Praticar Canyoning e Escalada num dia como ontem quando havia alertas de mau tempo e num rio selvagem com rápidos? 

Espero que a encontrem, pode ser que se tenha conseguido agarrar a alguma coisa.



> *S. Pedro do Sul: Desporto radical acaba mal
> Bombeiros procuram desaparecida no rio*
> Susana Raquel Fonseca, de 28 anos, residente na zona de Lisboa, foi ontem ‘engolida’ pelas águas do rio Teixeira, em Carregal de Manhouce, São Pedro do Sul, quando, com mais uma dezena de companheiros, praticava canyoning.
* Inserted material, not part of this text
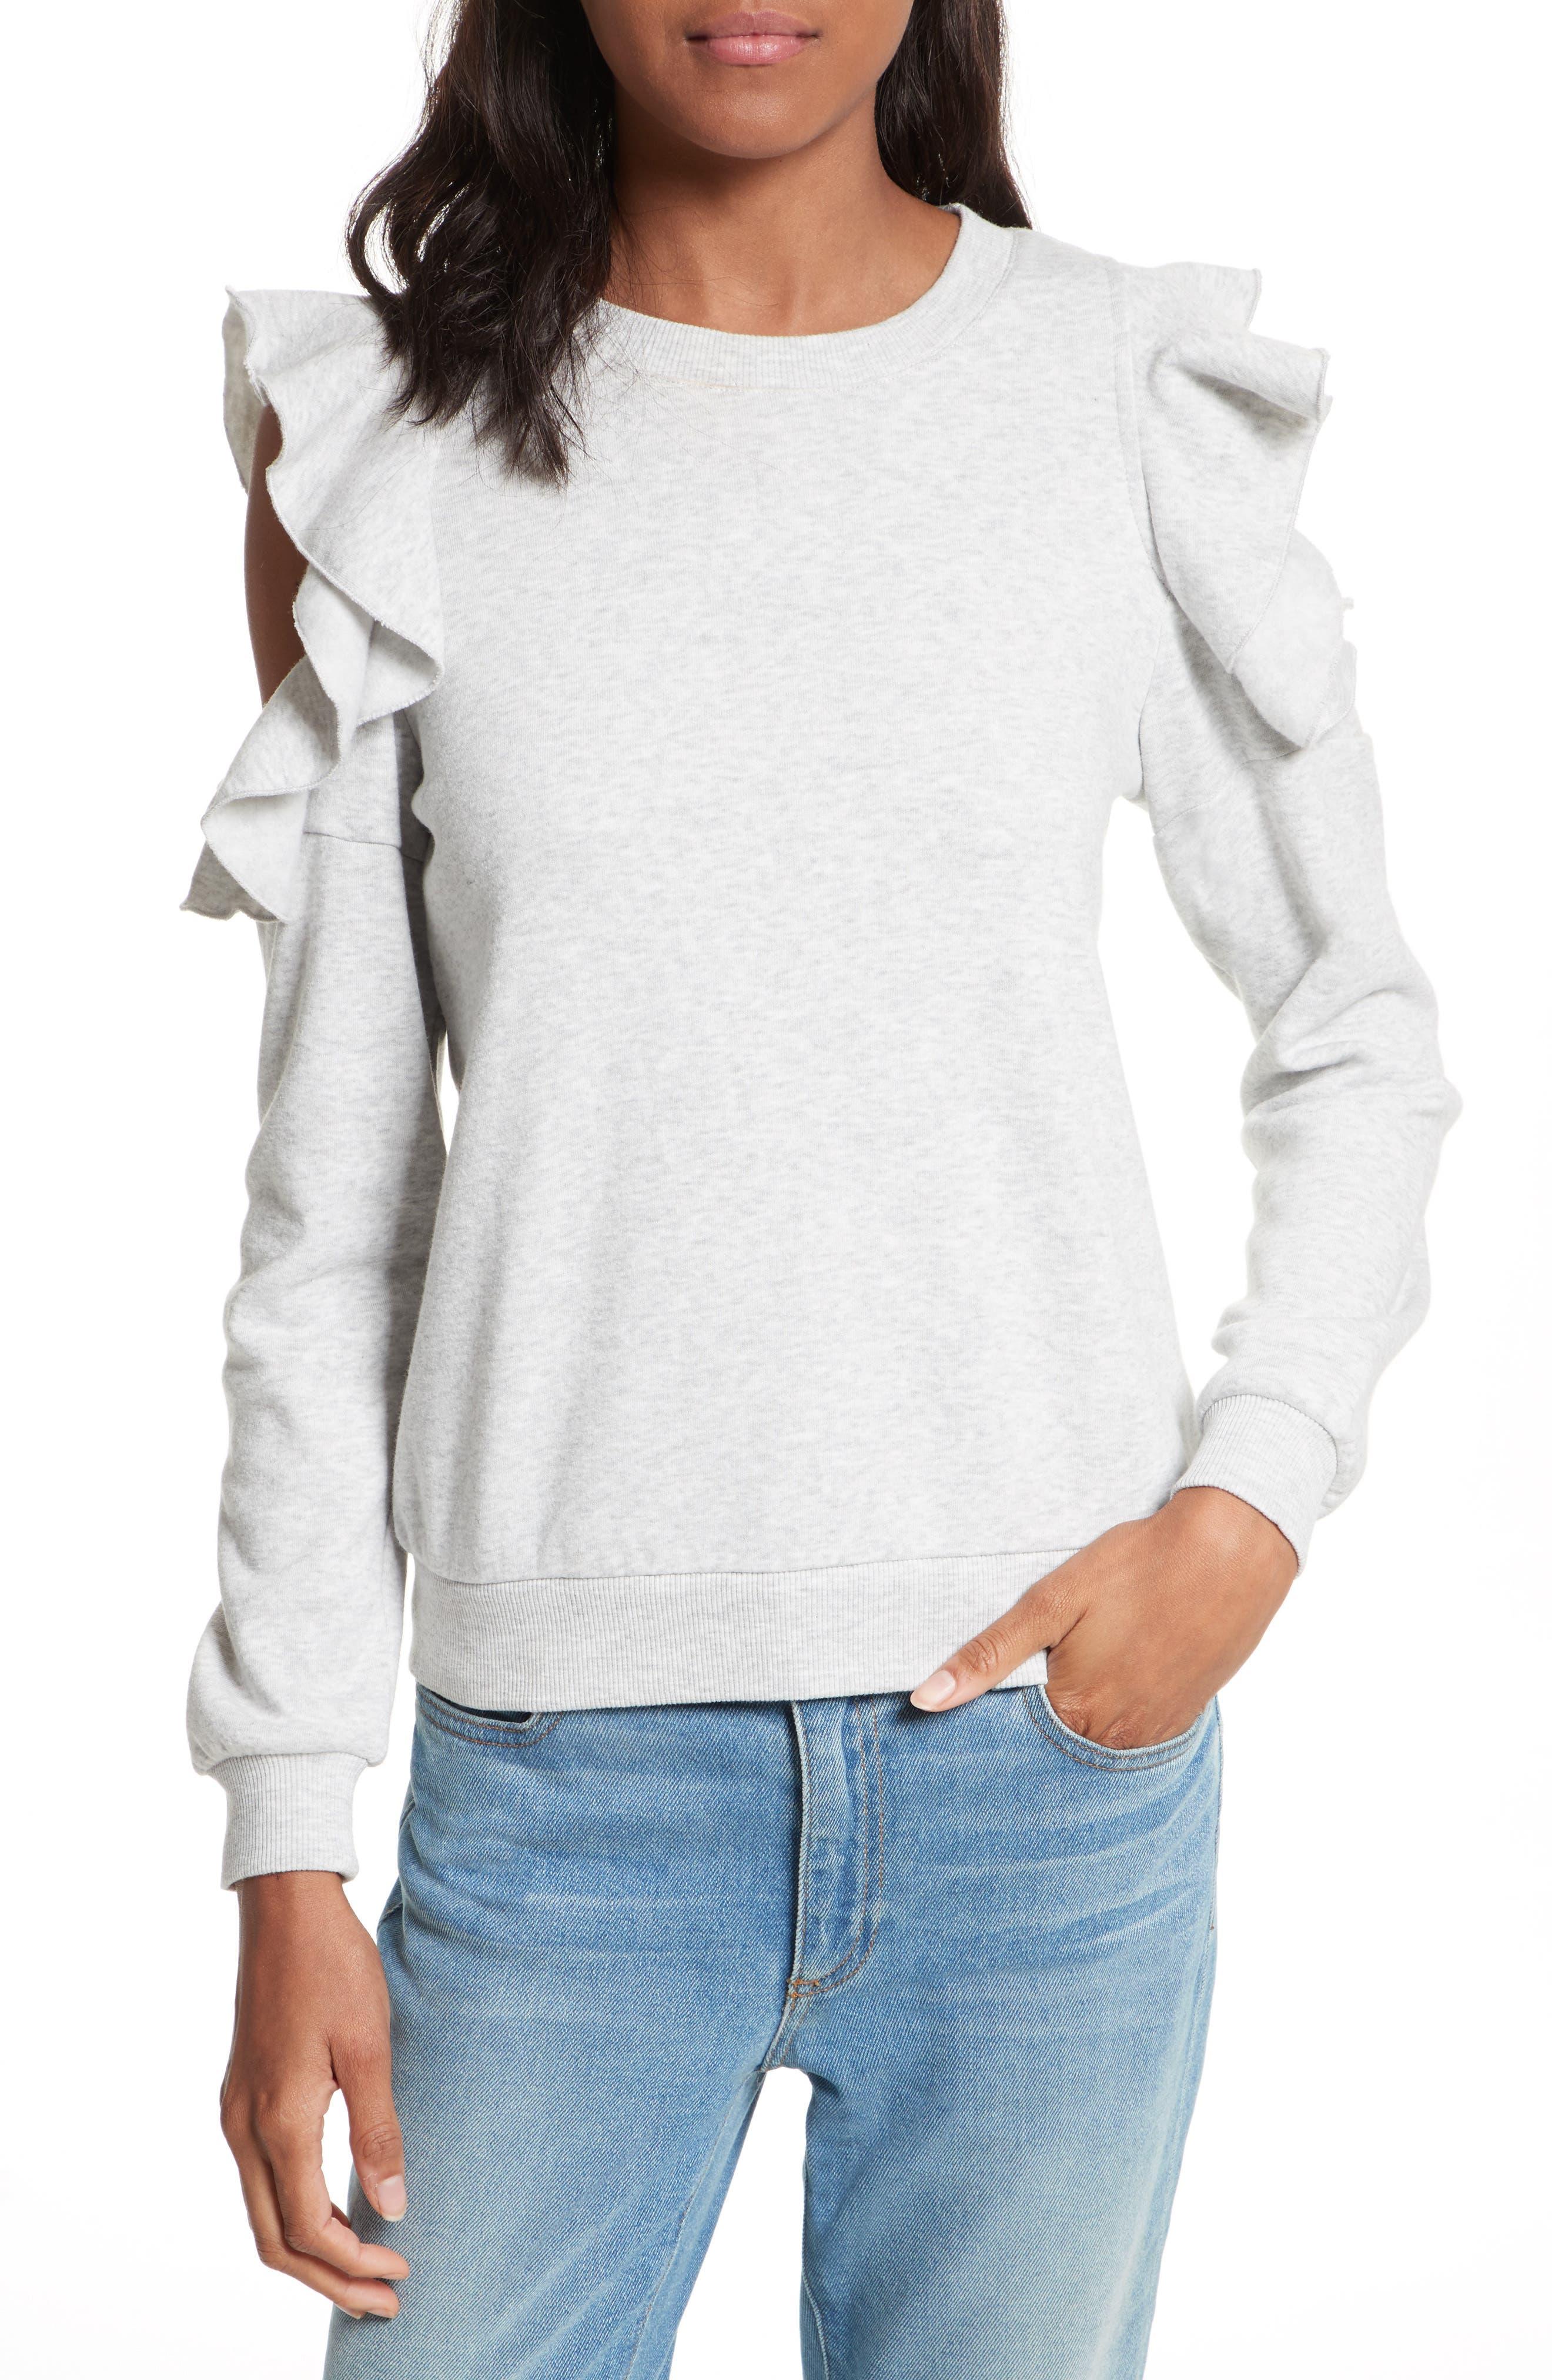 Gracie Cold Shoulder Sweatshirt,                         Main,                         color, Light Heather Grey
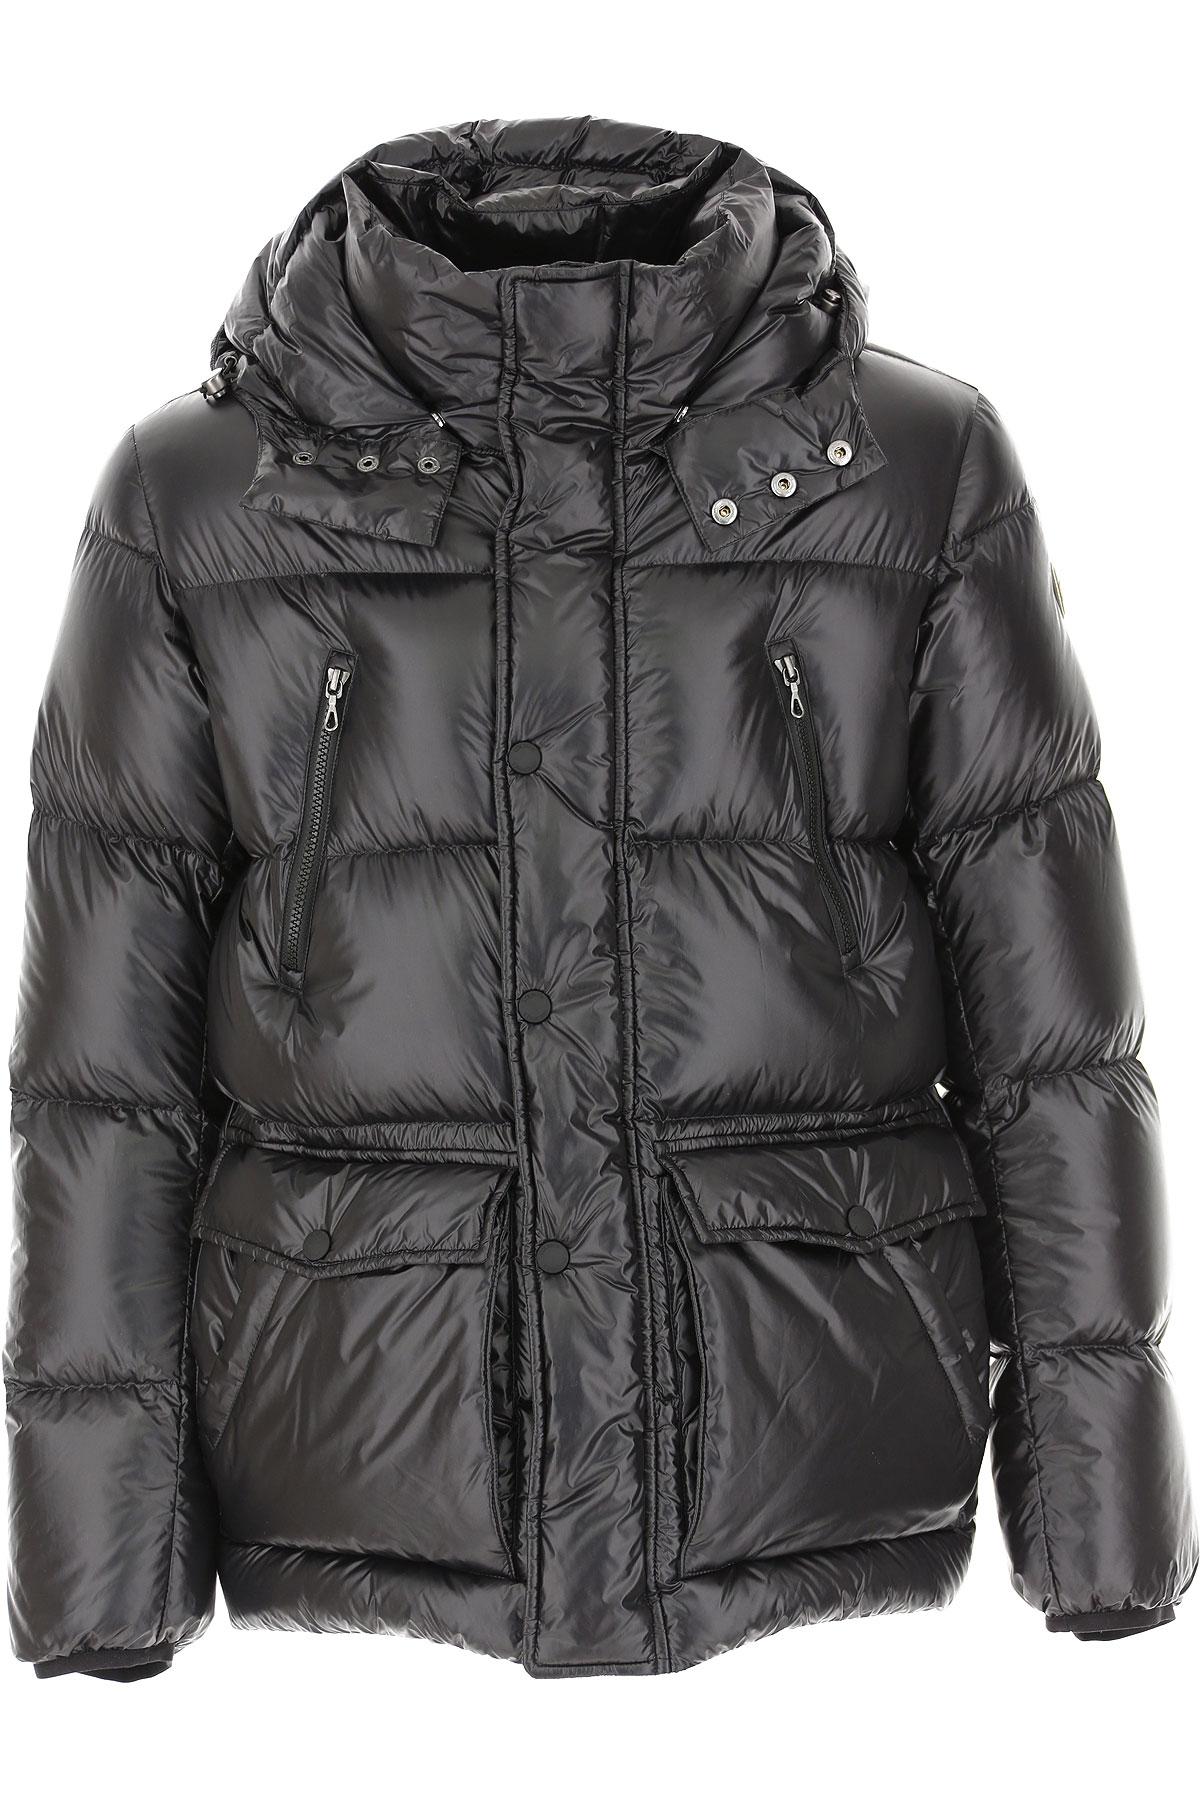 Colmar Down Jacket for Men, Puffer Ski Jacket On Sale, Black, polyamide, 2019, L M S XL XXL

Apesar da grande operação de busca montada pelos bombeiros da região, a jovem continuava desaparecida à hora de fecho desta edição.
> 
> ...





> *Jovem desaparecida nas águas do rio Teixeira*
> 
> Uma jovem de 29 anos desapareceu, pelas 15.30 horas de ontem, nas águas do Rio Teixeira, junto à Quinta de S. Francisco, em Cercal, próximo de Manhouce do Carregal, São Pedro do Sul. À hora do fecho desta edição, as buscas, que envolveram 68 homens e 23 viaturas de sete corporações e ainda um helicóptero do INEM - que chegou a voar, mas desistiu devido ao nevoeiro -, desenrolavam-se perto da Barragem do Cercal e nas margens do rio, cujo caudal, engrossado pelas chuvas que caíram durante todo o dia, não permitiu o mergulho. Sem êxito.
> 
> ...


----------



## Vince (17 Jun 2007 às 13:27)

Confirma-se o pior....



> *Jovem desaparecida desde ontem no rio Teixeira encontrada sem vida*
> 
> A jovem de 29 anos desaparecida desde ontem à tarde no rio Teixeira foi hoje encontrada sem vida, já no rio Vouga.
> 
> ...


----------